I’ve always known that my kid was different. HE knows he’s different. He’s had to be taught such basic things as “look at people when you talk to them” and “don’t stand too close to others, it makes them uncomfortable.” He’s been preyed upon at school by other kids who have discovered he will do almost anything he’s asked, if its not actively dangerous, because he a.) doesn’t get why that might make other people laugh at him and b.) he wants to be friends, but isn’t sure how to do that. I get to deal with the hurt, puzzled, frustrated kid that comes home to me, not understanding why people laugh at him. That’s fun, let me assure you. Well worth the benefit of getting him diagnosed with AS. </sarcasm>
It doesn’t help that he’s brighter than average, another “symptom” of AS.
As far as you wondering about doctors making money, please give me a break. The doctor I have for him earns his money, because he’s one of the few that doesn’t try to shove my son off on some medication or another. Really, he does more for me than my kid by giving me tips on how to deal with him and relate to him in a way he can understand. He has the knowledge and the skill to assess and work with AS kids, which he won through hard years of education, he should be paid appropriately.
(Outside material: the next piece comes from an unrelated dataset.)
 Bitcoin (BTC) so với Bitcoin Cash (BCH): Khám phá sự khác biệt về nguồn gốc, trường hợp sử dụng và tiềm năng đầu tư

My son did after school classes for two years just to learn to be like everybody else, as much as he can. He isn’t the problem - other people are his problem. He doesn’t - and never has, bar one incident* - been a disruption in class.
I don’t understand your point, really. Cancer rates are rising alarmingly too, seems to me. Is that because some doctor decided to make money on cancer patients?
Cheers,
G
*He was scared, and bit an older child when he was in Kindergarten. The older child (5th grade) was the “bus monitor” and supposed to help the little kids get off the bus and into their classrooms. My son got fascinated with something, like AS kids do, and dropped the plot as to where he was supposed to go. The older kid grabbed him by the arm and started dragging him off to where he was supposed to be. He was monofocussed, apparently, and was startled and then scared, so he bit her. He’s got a better understanding now and wouldn’t do it again, but there was nine days wonder over that at school.
He **isn’t **…
Sorry,
G
Heh. Until 3 years ago, the solution was misdiagnose Aspies and put them on medication for ADD, depression, hysterical pregnancy or whatever other dangfool wrong diagnosis they had.
Seriously, Aspies exist. I can look in a mirror and tell you that, and whatever anyone tells you, being Aspy SUCKS. Growing up unable to keep or make friends is NOT a life, and rote memorization of topics is NOT the way to advance in them as careers; creative synthesis in a field is.
Whether or not the legions of kids being diagnosed as Aspies are… that’s something I’m less sure of. Whatever the case is, they should be excused no poor behavior; the grown-up world won’t let you beat your wife because you can’
Well, they’d have to get it thru the FDA first, so I don’t think it’s all that puzzling.
't communicate with her, and you might as well let school model real life.
[post messed up by hitting TAB then ENTER on accident.]
Y’know, it’s not like they are in on an evil plot to medicate humanity for the hell of it…
But yes, it does help to have an actual diagnosis when you have an identifiable disorder; it helps you do something about it, other than just tell the kid “why can’t you just act normal like all the other children?”
And yes, too, increased visibility of the diagnosis causes an increase in self-diagnoses and excuses. But the good of being able to better identify the real problem outweighs this.